PROBLEM TO SOLVE
Return the data that follows exactly as it appears. Pictures do not belong in the copy.

───── SOURCE MATERIAL

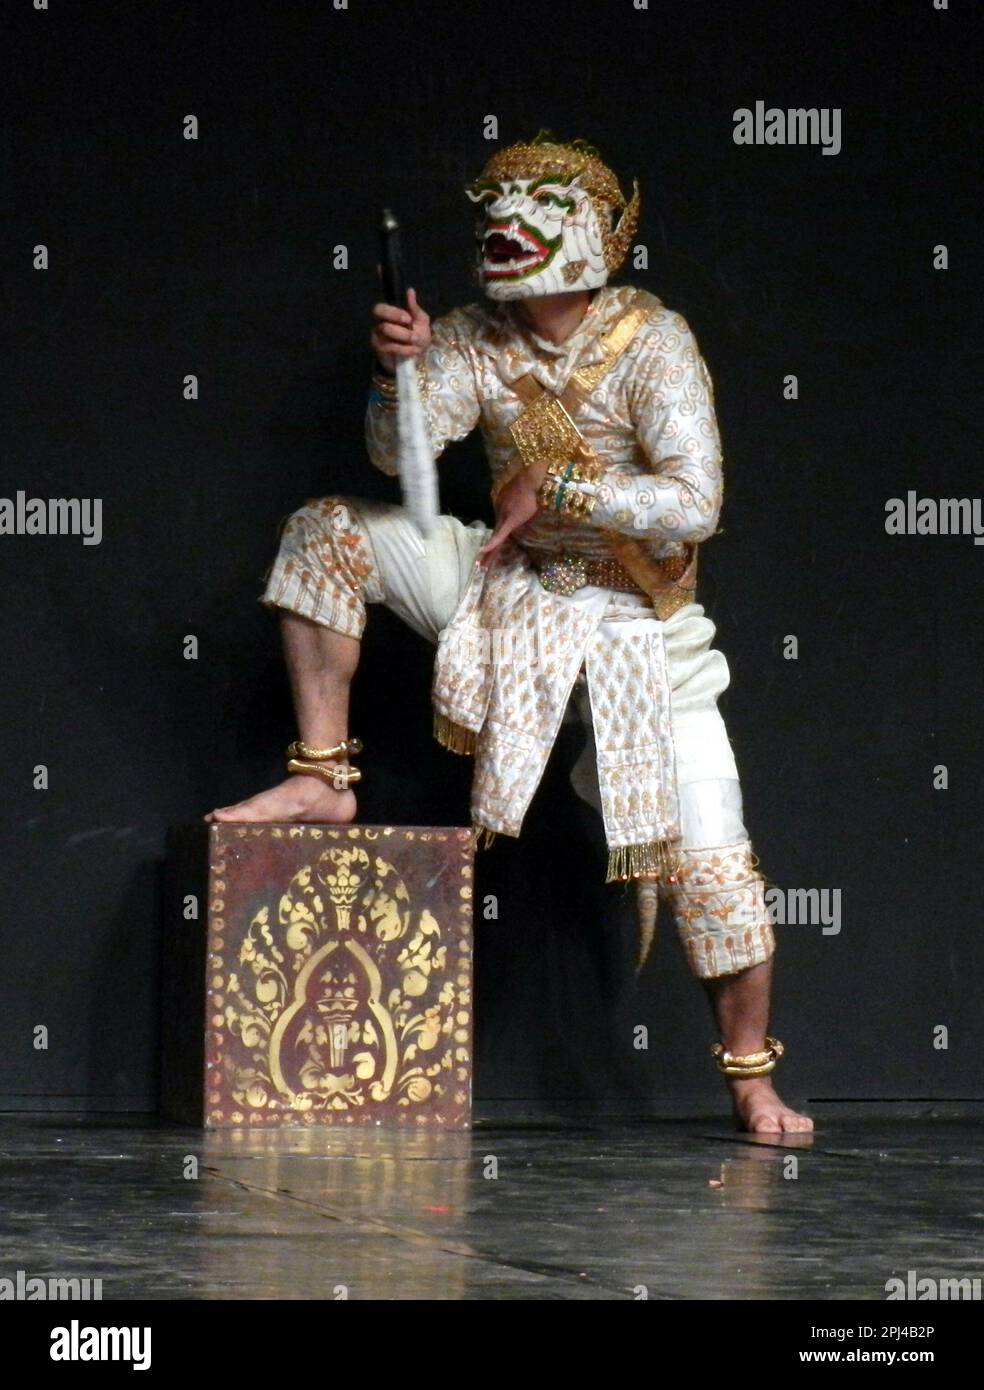 Kambodscha, Phnom Penh: Traditionelle Tanzvorstellung im Nationalmuseum, einschließlich einer Vielzahl klassischer und folkloristischer Tänze. Hanuman. Stockfoto
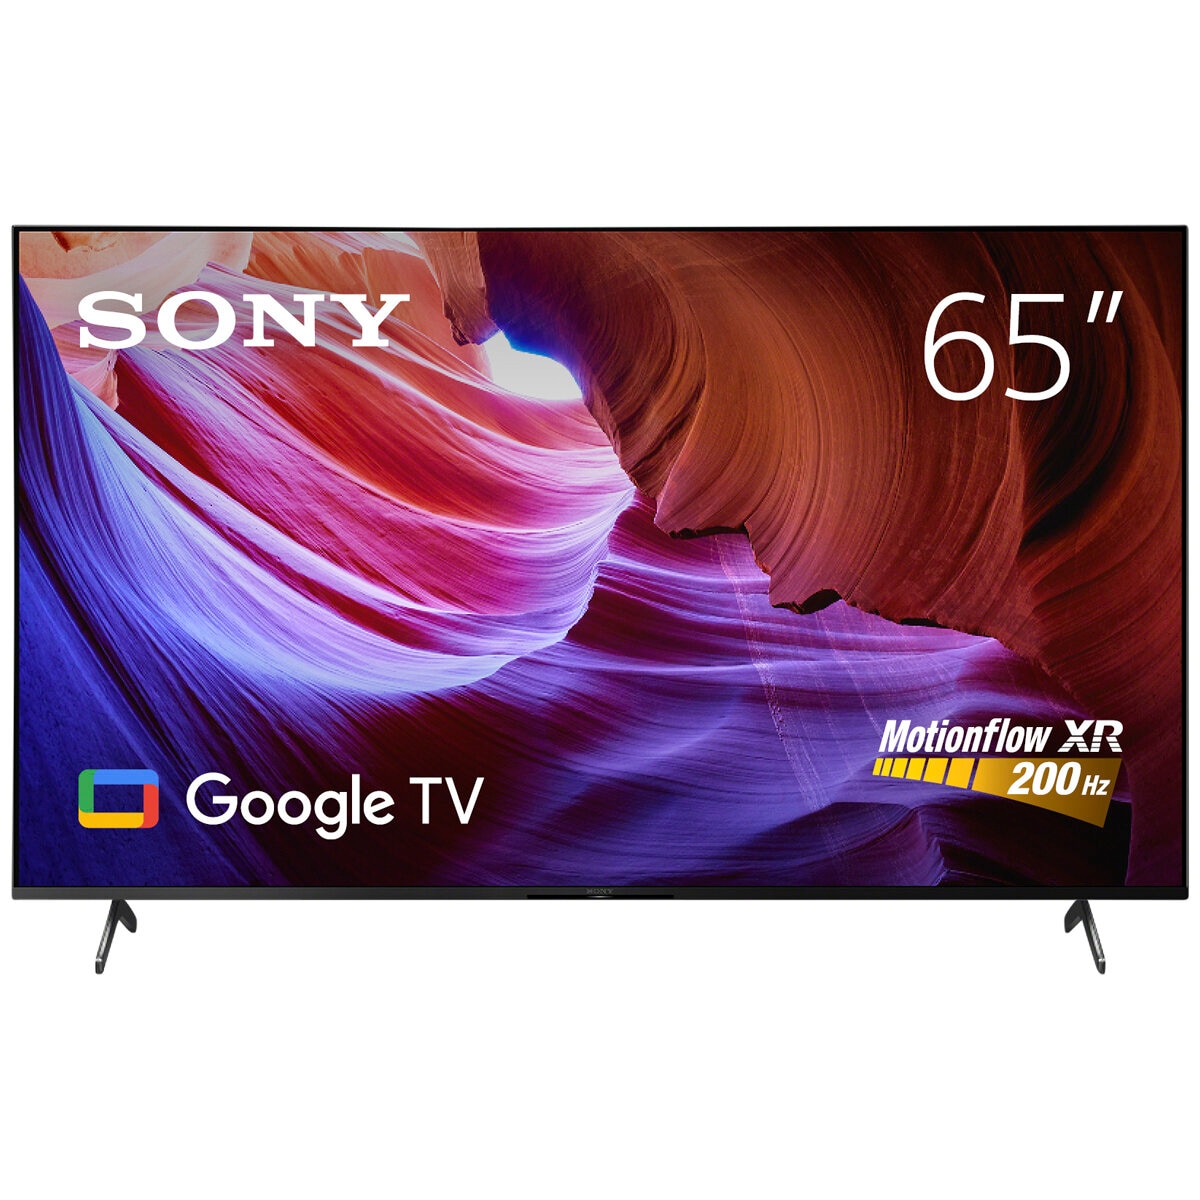 Sony 65 Inch X85K BRAVIA LED 4K UHD HDR 200Hz Google TV KD65X85K
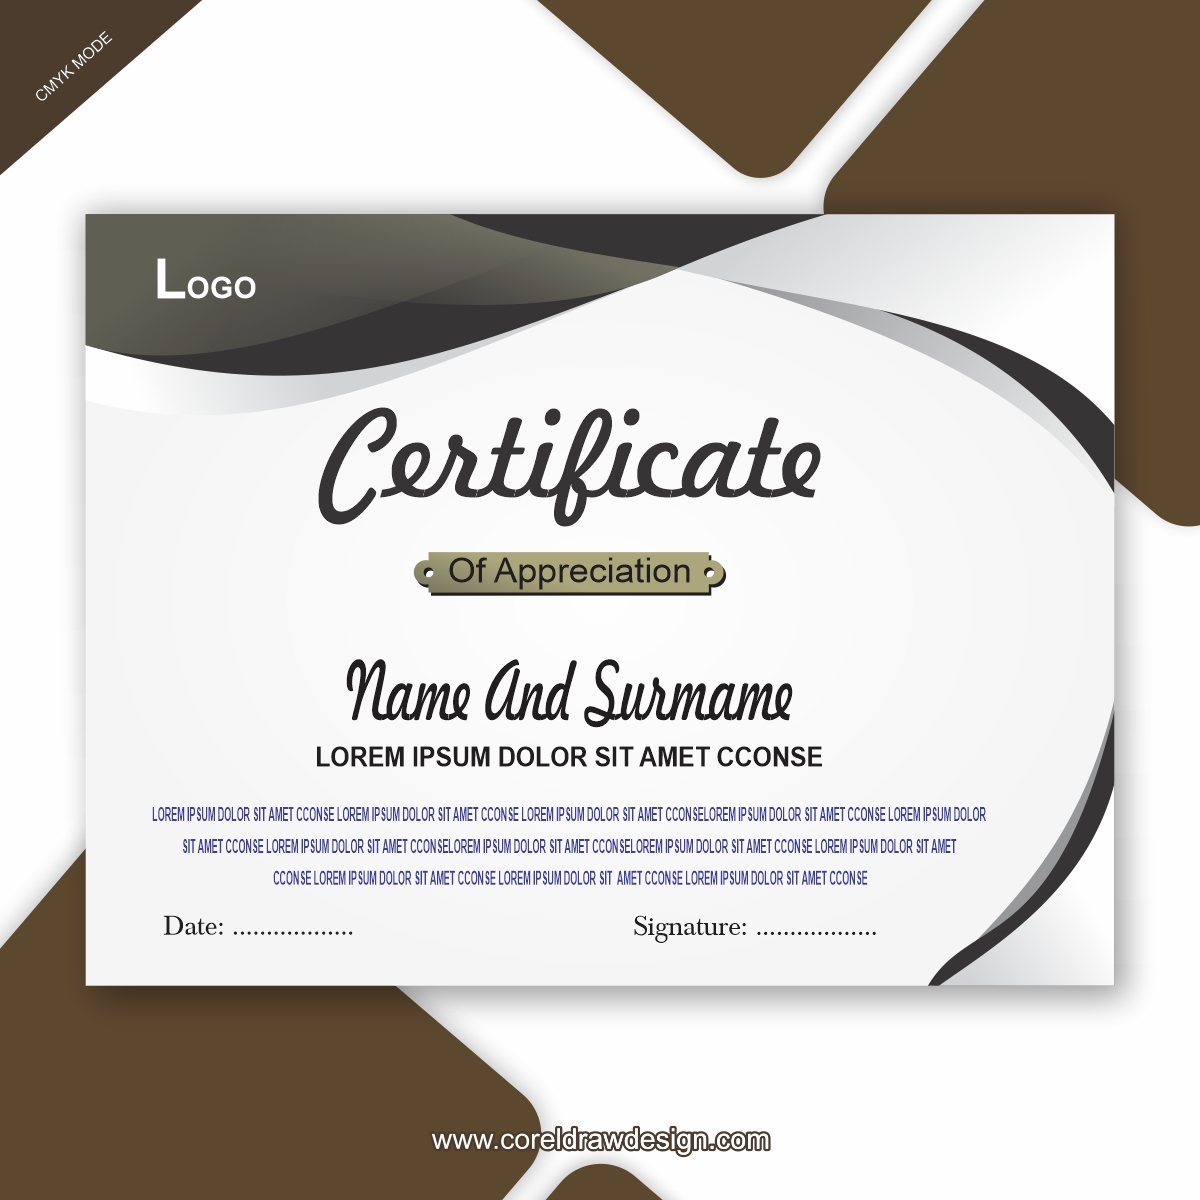 Corporate Certificate Design

──────────

OUTPUT
 Kambodscha, Phnom Penh: Traditionelle Tanzvorstellung im Nationalmuseum, einschließlich einer Vielzahl klassischer und folkloristischer Tänze. Hanuman. Stockfoto
 Sony 65 Inch X85K BRAVIA LED 4K UHD HDR 200Hz Google TV KD65X85K
 Corporate Certificate Design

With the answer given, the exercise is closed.